Надеюсь, что это поможет настроить аутентификацию Kerberos на веб-сервере.

P.S. Если вы хотите включить единый вход по полному адресу (например, SYD01TBUG02.onevue.com.au.local) вам следует добавить SYD01TBUG02.onevue.com.au.local в зону интрасети либо через групповые политики AD (если это необходимо на нескольких машинах в домене), либо локально через настройки Internet Explorer. Эти настройки влияют на все браузеры, установленные в системе.

Это потому, что когда пользователь впервые вводит u / p, токен ntlm отправляется на сервер.

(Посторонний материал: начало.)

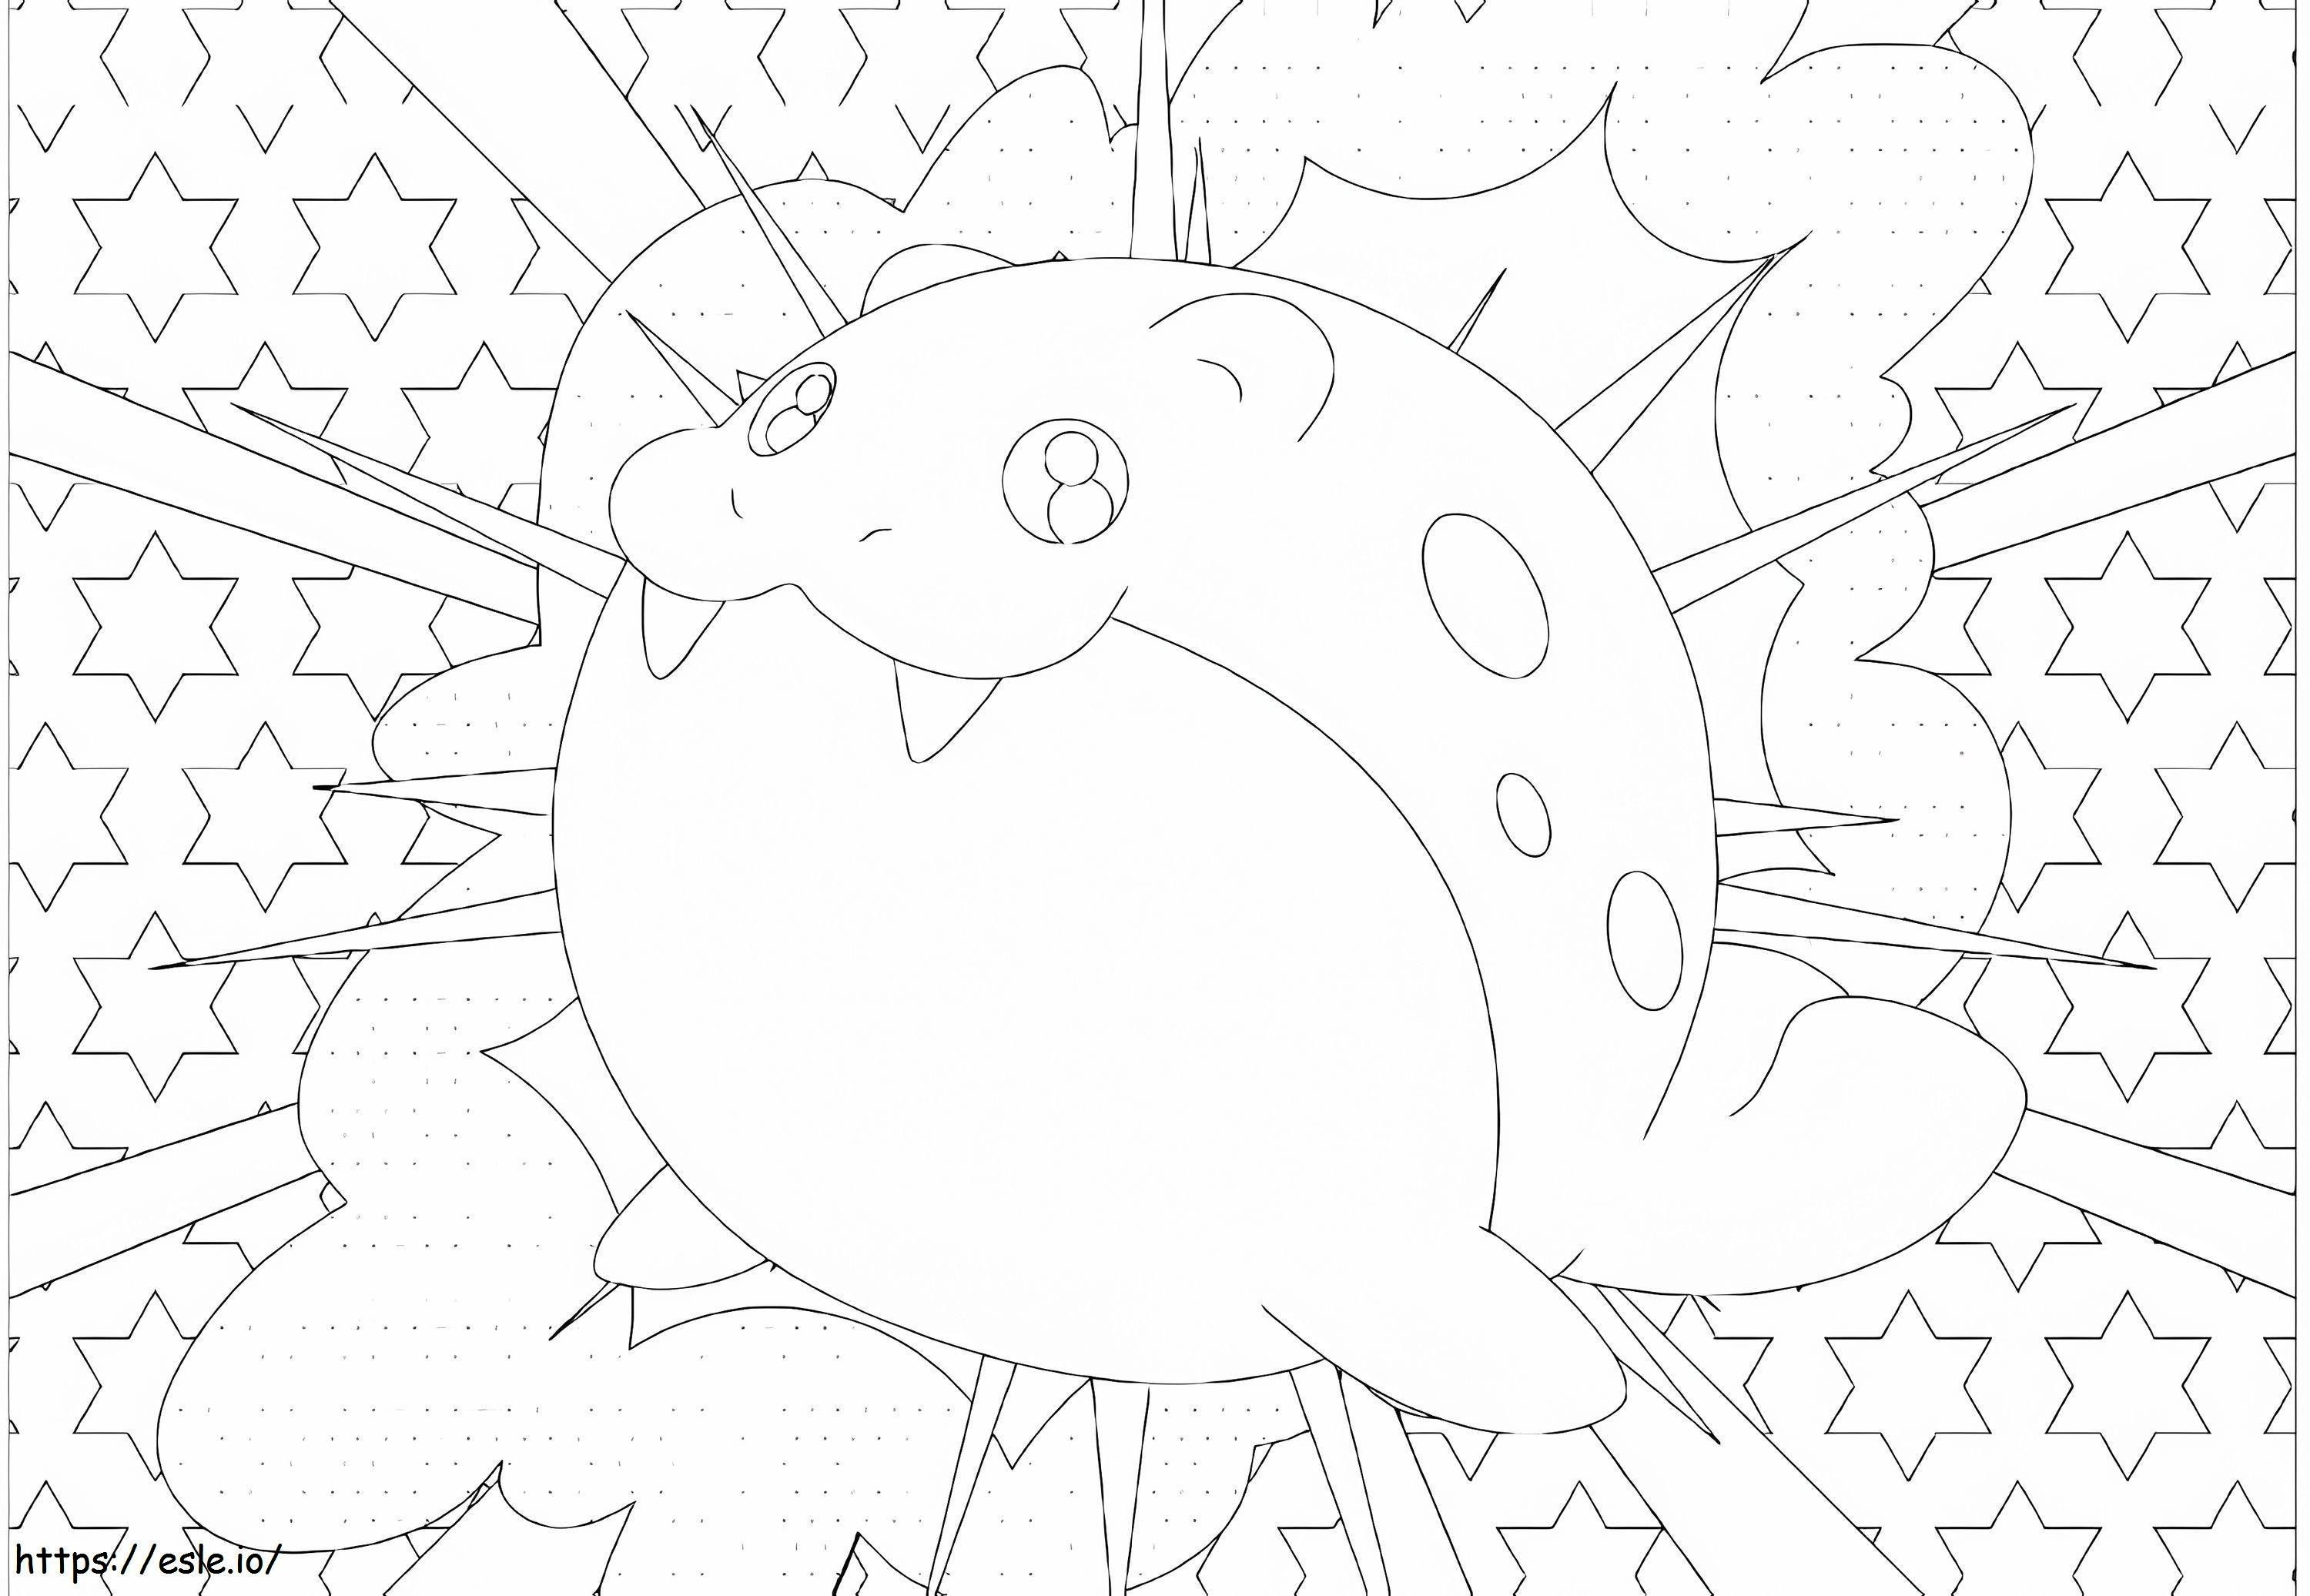 Spheal Pokemon 1 coloring page

Во второй раз это правильный токен kerberos.

К сожалению, устранить первую подсказку невозможно.

Если единый вход в систему не является обязательным, вы можете отключить согласование, установив «KrbMethodNegotiate off». Это даст вам только один базовый вход в систему, а также позволит избежать дополнительных запросов GET для каждой транзакции.